Luckily, the speakers will not be damaged if you try it, but the best practice is to wire speakers correctly.
Audio University explains positive versus negative polarity and demonstrates the possible audio wave scenarios in this 6-minute video. Sound issues come up with multiple arrays that are wired differently. Learn how to test unlabeled speaker polarity and receive an excellent education on speaker wiring and inverted polarity.
Can You Mix Inverted Subwoofers With Regular Subwoofers?
Depending on how the subwoofer is wired, you can mix subwoofers that are mounted regularly with inverted. The wiring tells the cone to move first; therefore, reverse the wires, and everything will work well.
For a technical explanation with three reasons not to invert a subwoofer, view this 8-minute video for the daily driver car stereo enthusiast:
Speaker Sound Wavelength
A conventional component car stereo system produces audible sound with a moving electromagnetic voice coil, which vibrates the paper or plastic cone releasing music into the air. A tweeter emits a high-frequency treble with shorter wavelengths that don’t spread out as quickly as bass.

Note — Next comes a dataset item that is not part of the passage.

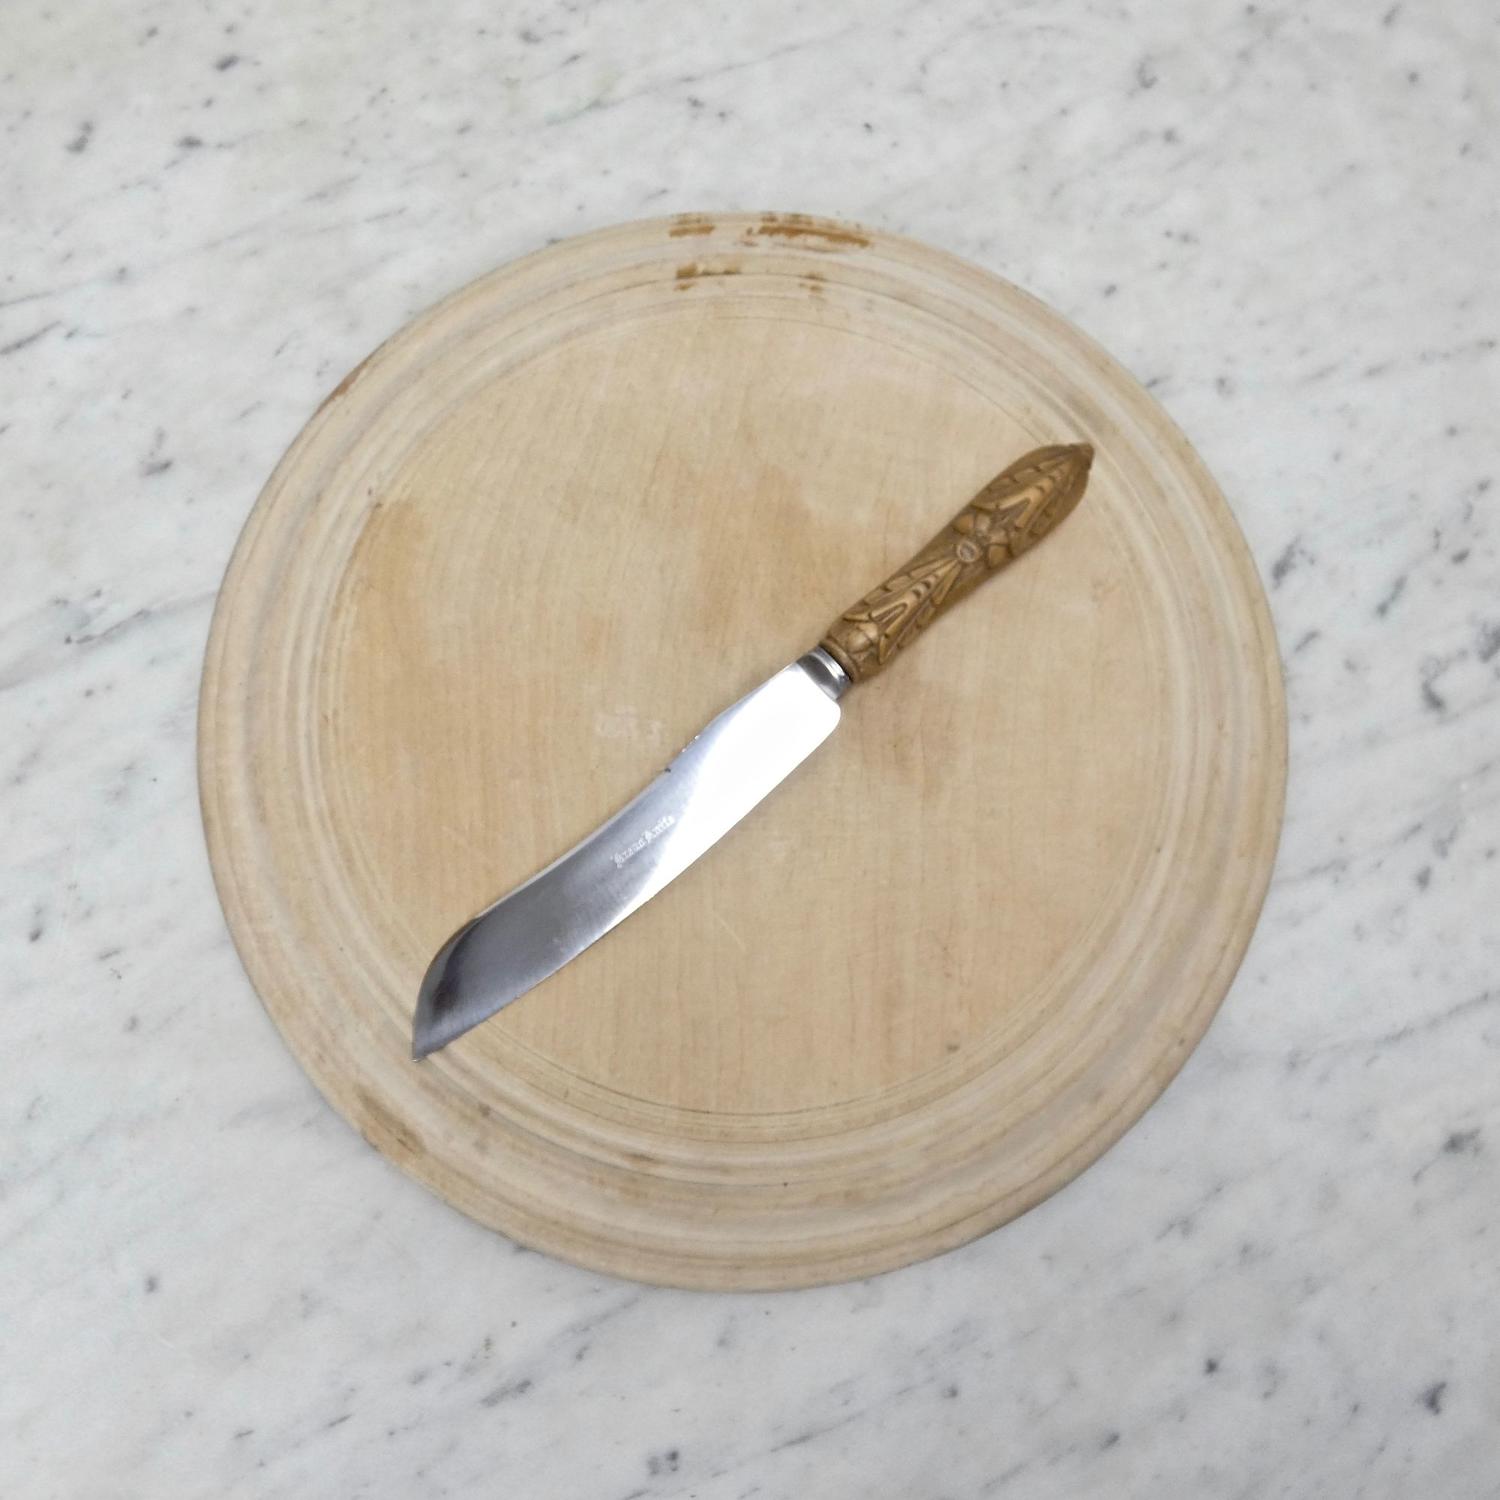 'Butler' bread knife

Therefore, car speaker component installation manuals recommend installing tweeters in line with your ear to receive the most pristine treble sound and avoid competing with slower bass waves. But mounting upside down would make no difference.
Bass waves have more time to spread out over a bigger area as they travel, even if installed upside down.

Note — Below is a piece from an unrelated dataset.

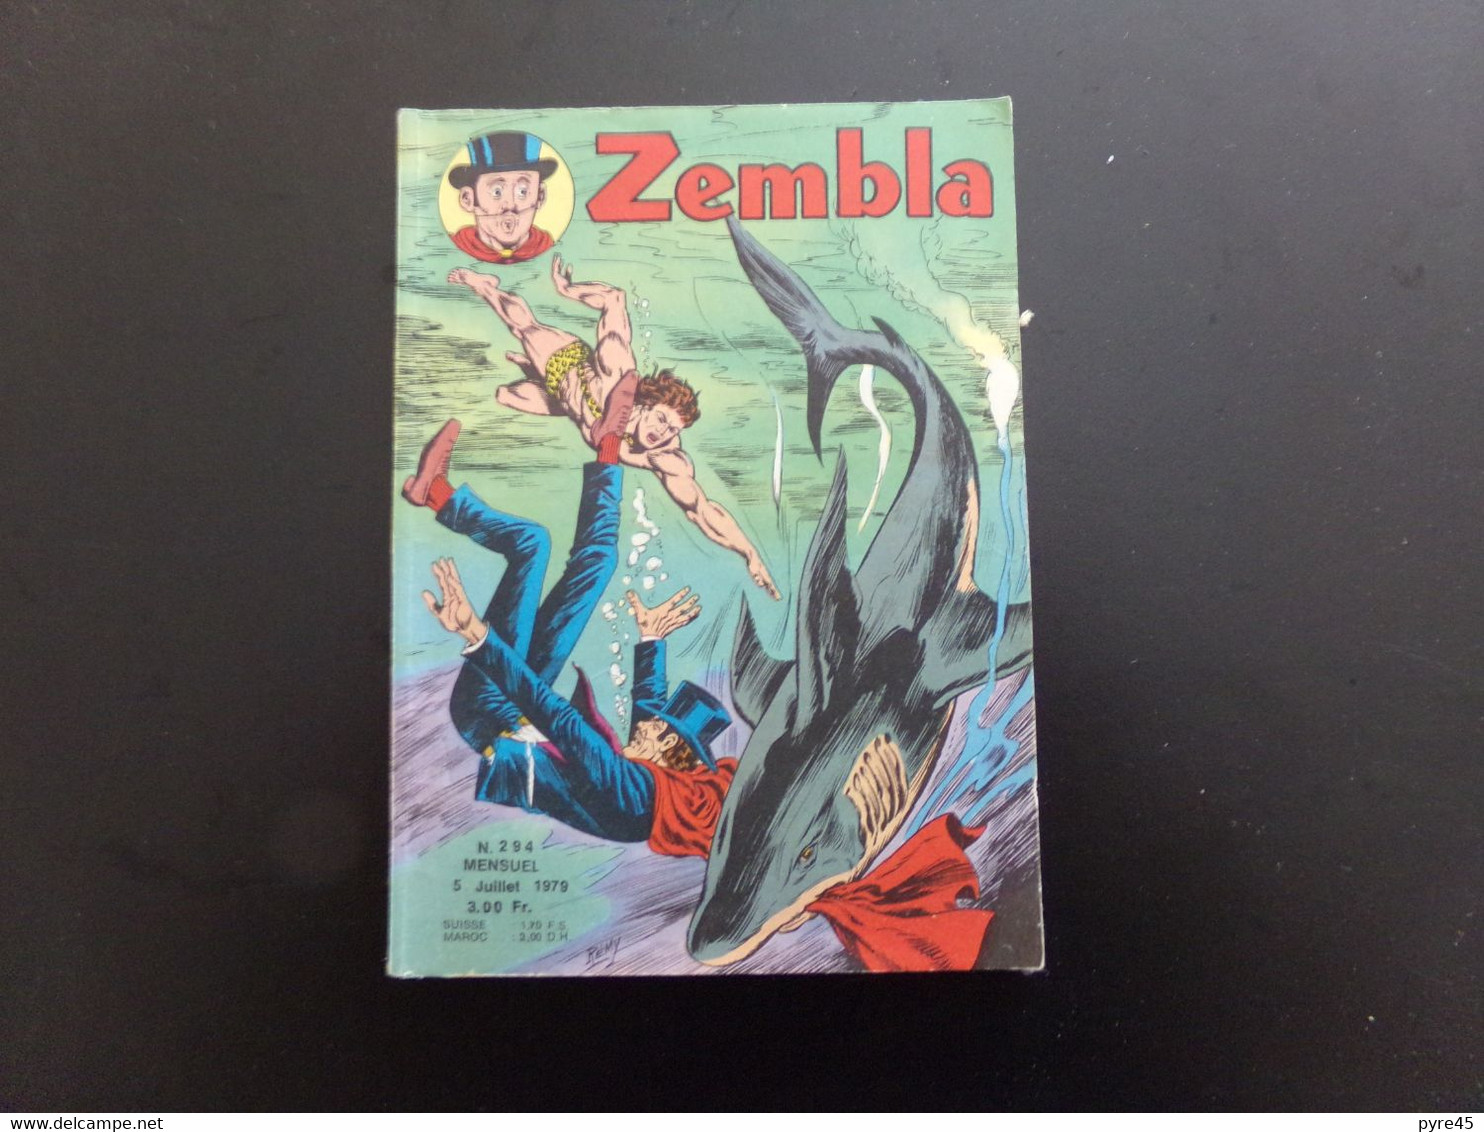 Petit Format " Zembla " N° 294, Juillet 1979, 128 Pages - Zembla

The more electrical current, or power, fed into the subwoofer, the more sound energy can emit and the further the sound waves travel. Also, speakers that are upside down or right side up do not matter.
For the coaxial speaker, the tweeter and mid-range speakers are stacked and encased together. If you are an audiophile, you will possibly notice less clarity because the tweeter is not in line with the ear, but otherwise, there is no sound differential if turned upside down.
Directional speakers use different wave producing devices, like ultrasound, to create soundwaves that spread less than conventional speakers.
American inventor Woody Norris used ultrasound to create a HyperSonic Sound (HSS) system. Acoustic sound waves are thrown in the air by converting too high, inaudible pitched ultrasonic sound to a frequency that can be heard.
In this 1-minute video, Holosonics.com demonstrates how directional speakers allow an individual to hear the audio from a narrow space, like a laser beam of light. Ultrasound is the type of acoustic source used in the video, although other types exist.
In the future, small directional speakers will be installed in cars to provide high-fidelity sound. Preferred music can be listened to individually, without disturbing the other occupants. The military has been using them for years in the navy for underwater navigation systems (sonar); the possibilities are endless. Additional uses are:
- Advertisements begin playing as individuals walk by to trigger them at grocery stores, malls, movie theaters, and museums.
- Hospitals, medical offices, or pharmacies can beam audio to patients for privacy and prevent disturbing others.
- Police or military communication on jets or helicopters to drown out background noise.
- Speakerphone usage that does not disturb people close by.
- Portable directional speakers for the hearing impaired.
Car speakers are omnidirectional; therefore, inverting them will not change the sound quality but may interfere with your perception of sound, but there is no appreciable difference. Wavelengths bend and refract; therefore, the critical factor is the distance from the speakers to your ears.
Car speakers are still functional if inverted, and there is no negative effect on sound quality. Furthermore, unless you are an audiophile, there is no noticeable sound differentiation depending on the speakers and distance.